• _Provided records_

Segment Open

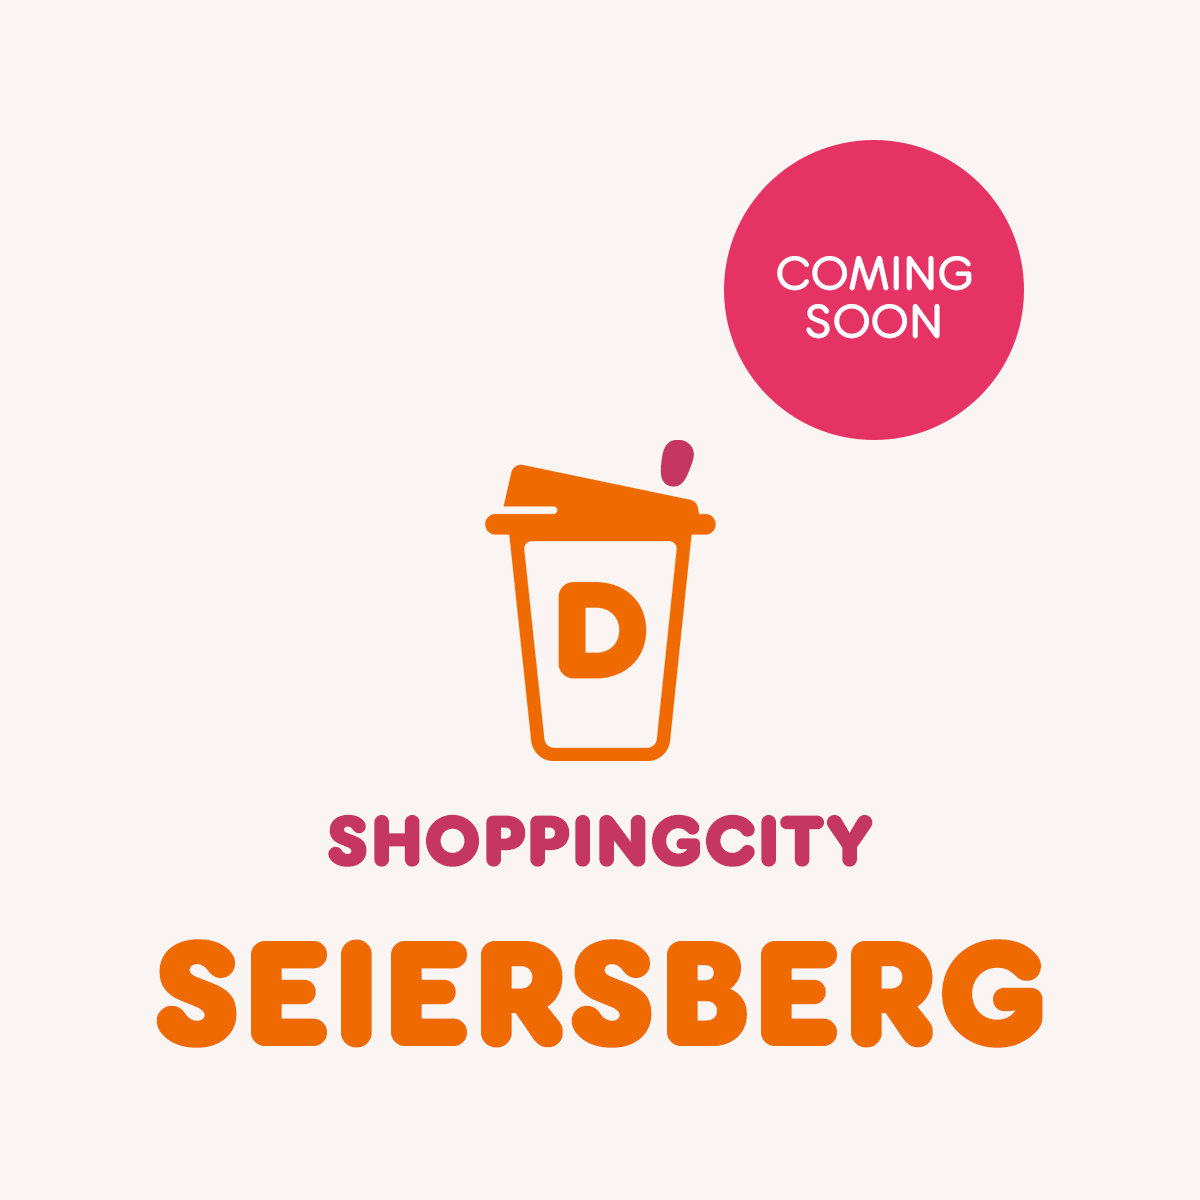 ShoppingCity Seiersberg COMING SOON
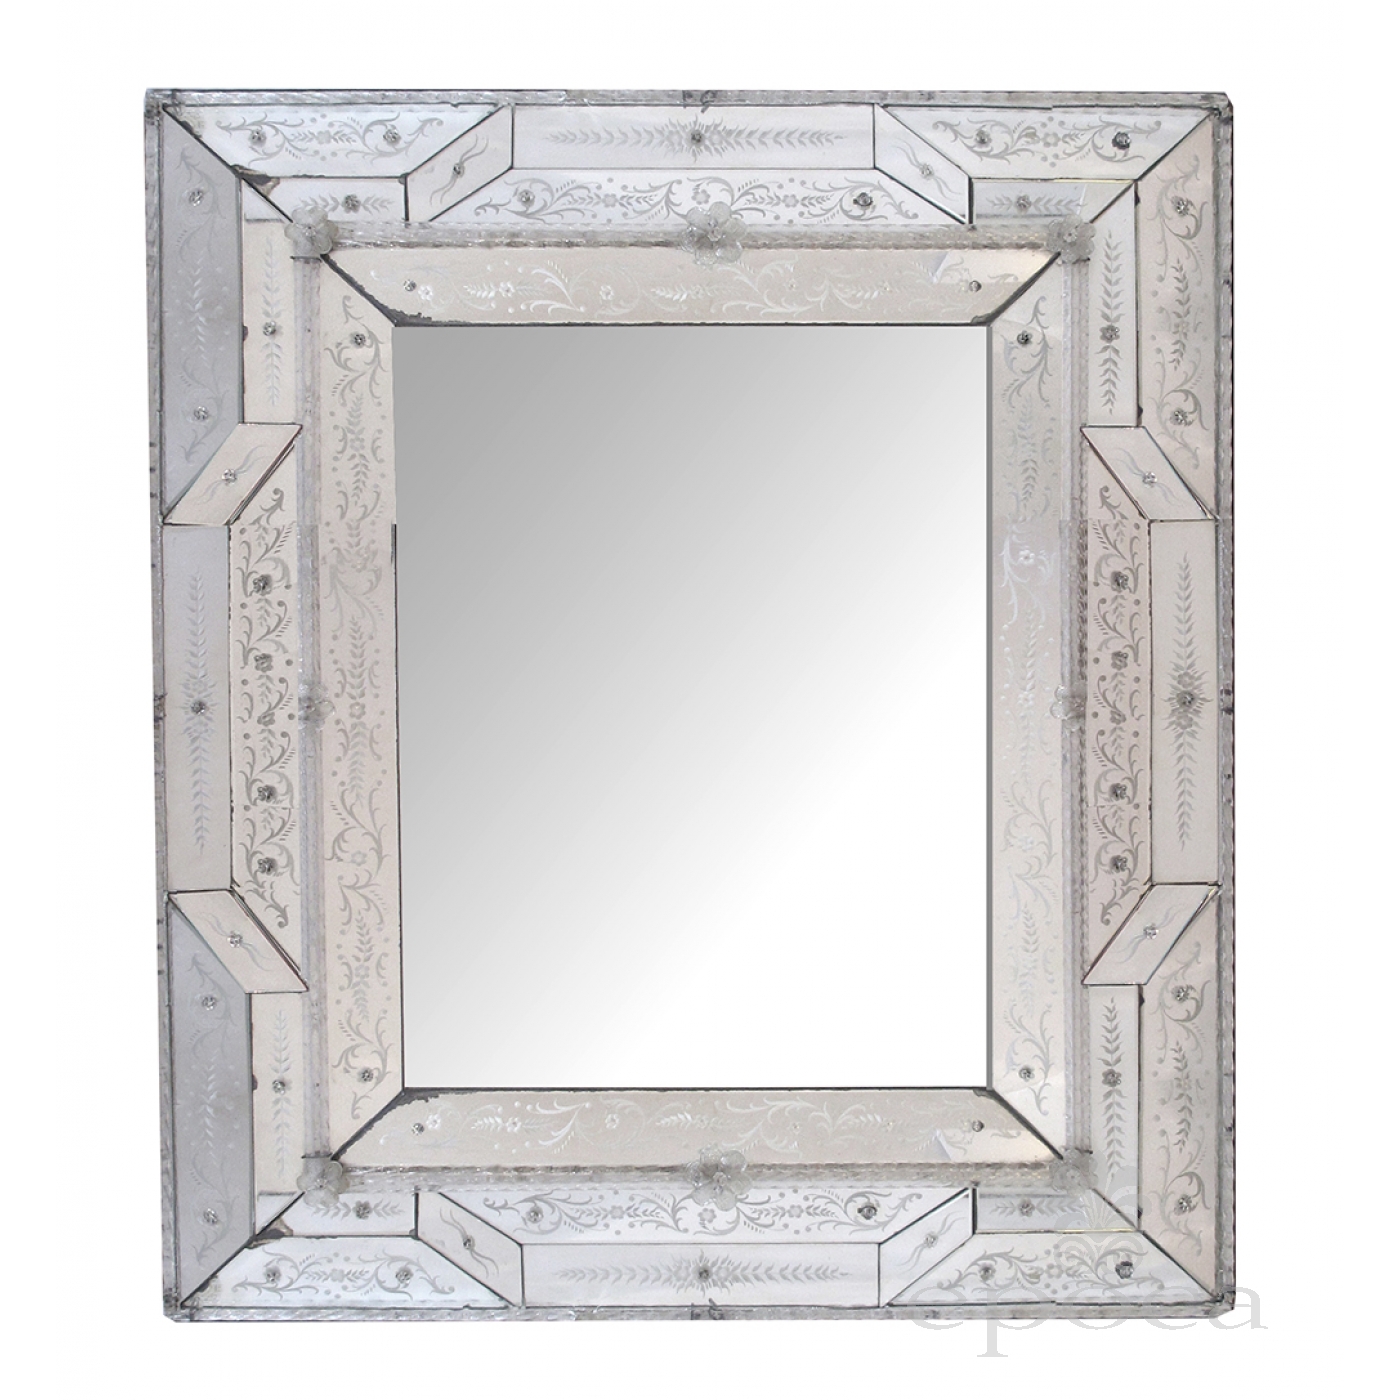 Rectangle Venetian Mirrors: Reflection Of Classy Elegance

Segment Closed
Segment Open

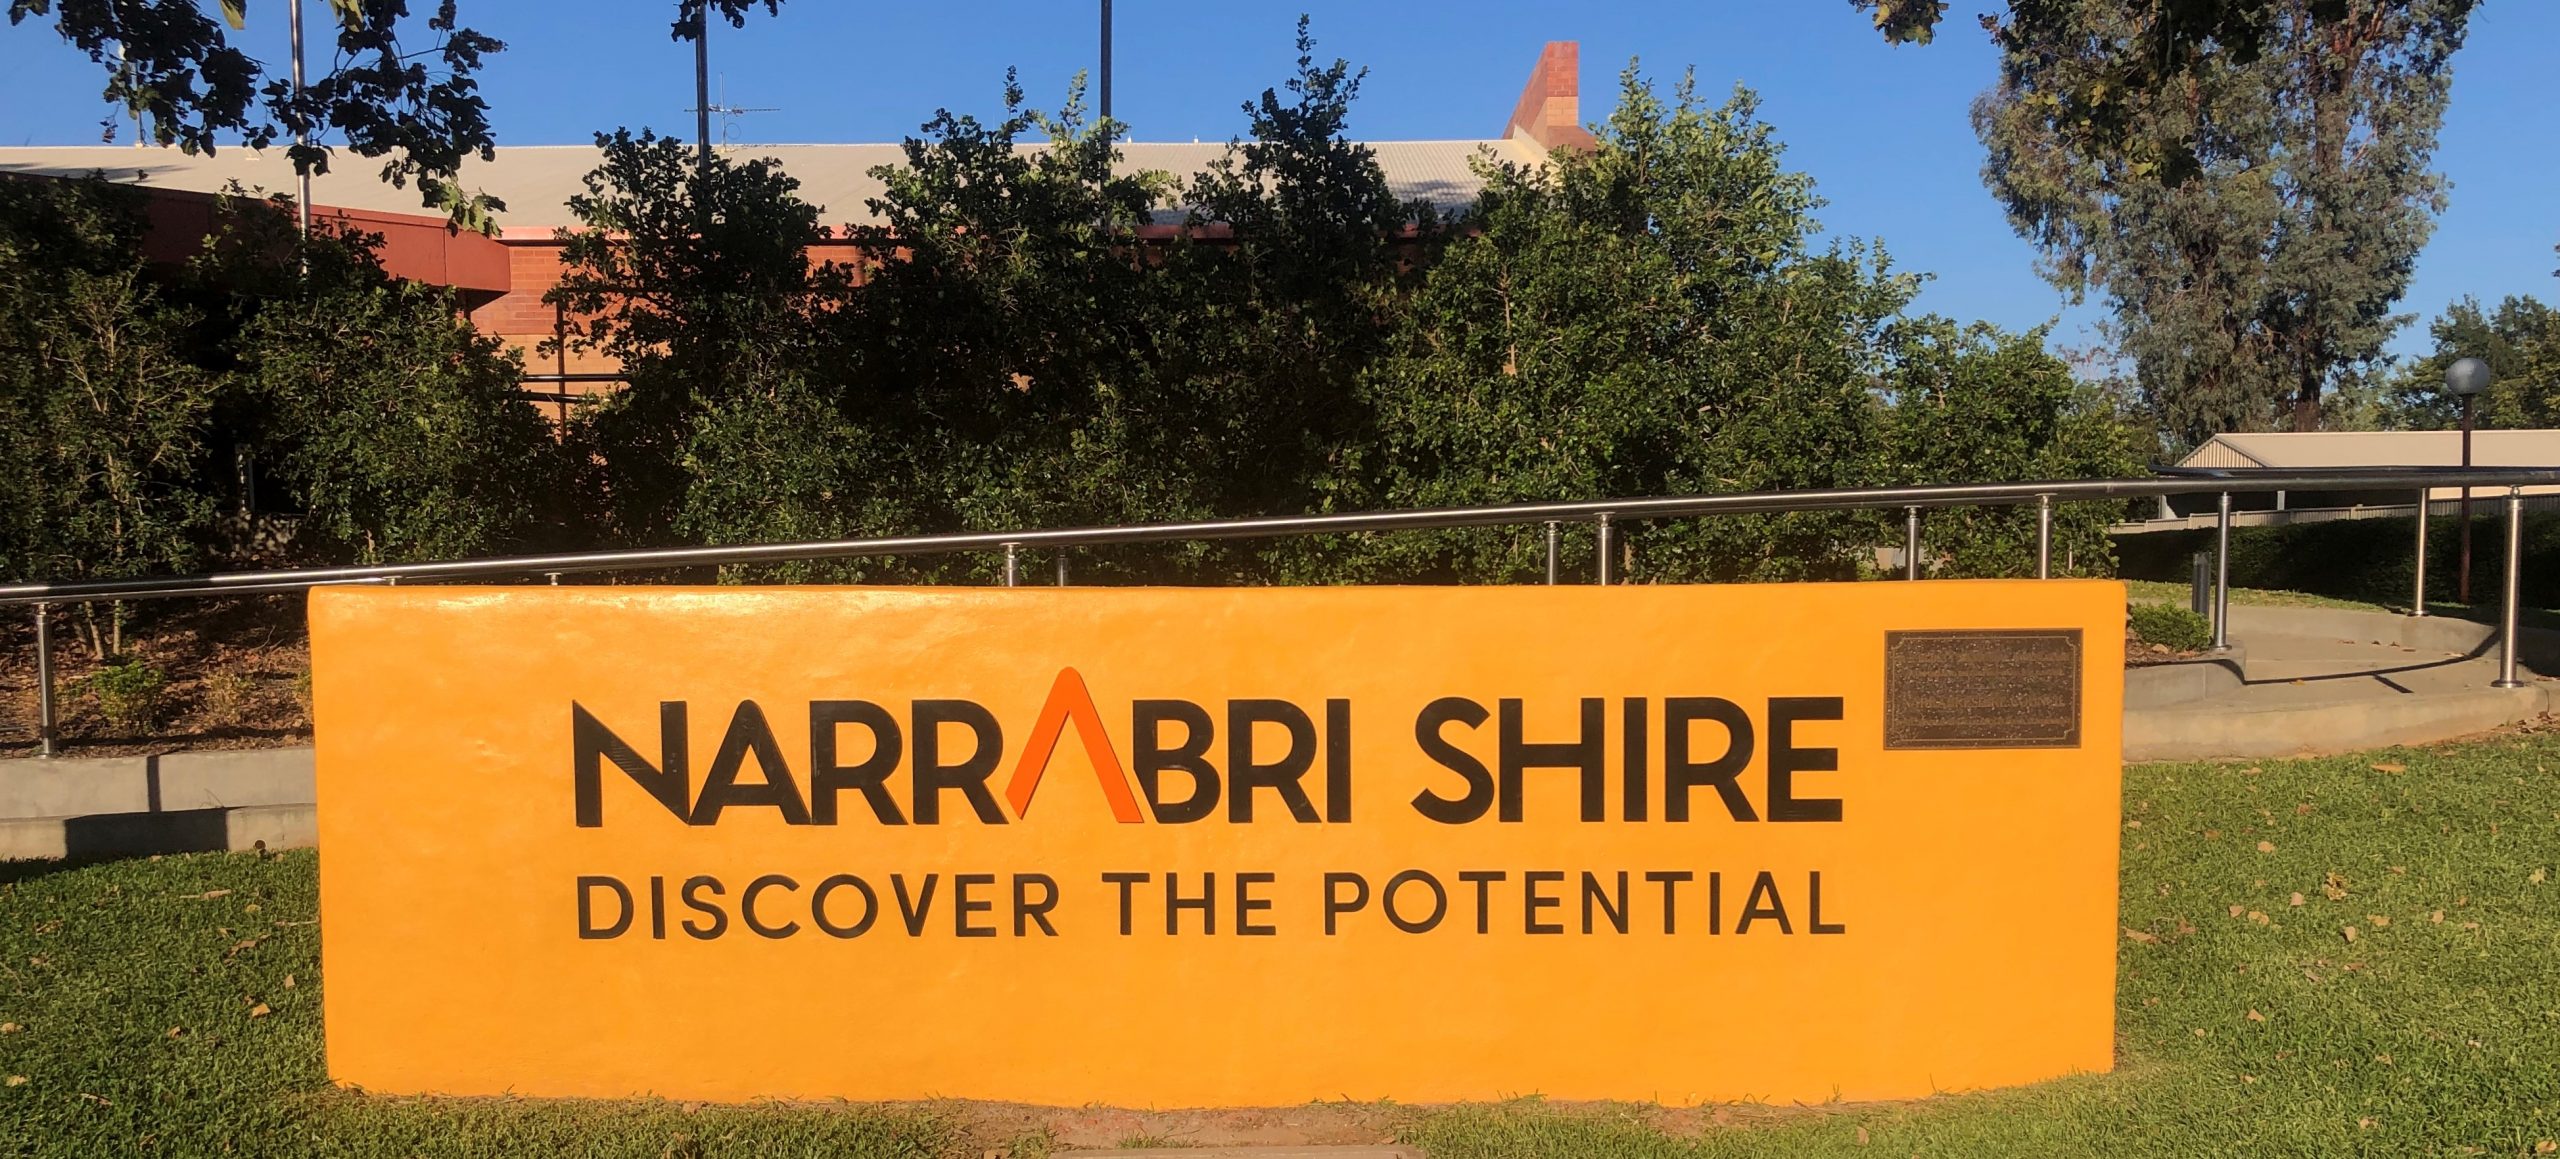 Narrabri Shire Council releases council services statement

Segment Closed
Segment Open

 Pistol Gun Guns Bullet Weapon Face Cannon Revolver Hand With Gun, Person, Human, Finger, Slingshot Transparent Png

Segment Closed

Beginning with the line above that contains "ShoppingCity Seiersberg COMING SOON" and finishing with the line that contains "Rectangle Venetian Mirrors: Reflection", print those lines exactly and only. Skip all pictures.

• _Output below_
 ShoppingCity Seiersberg COMING SOON
 Rectangle Venetian Mirrors: Reflection Of Classy Elegance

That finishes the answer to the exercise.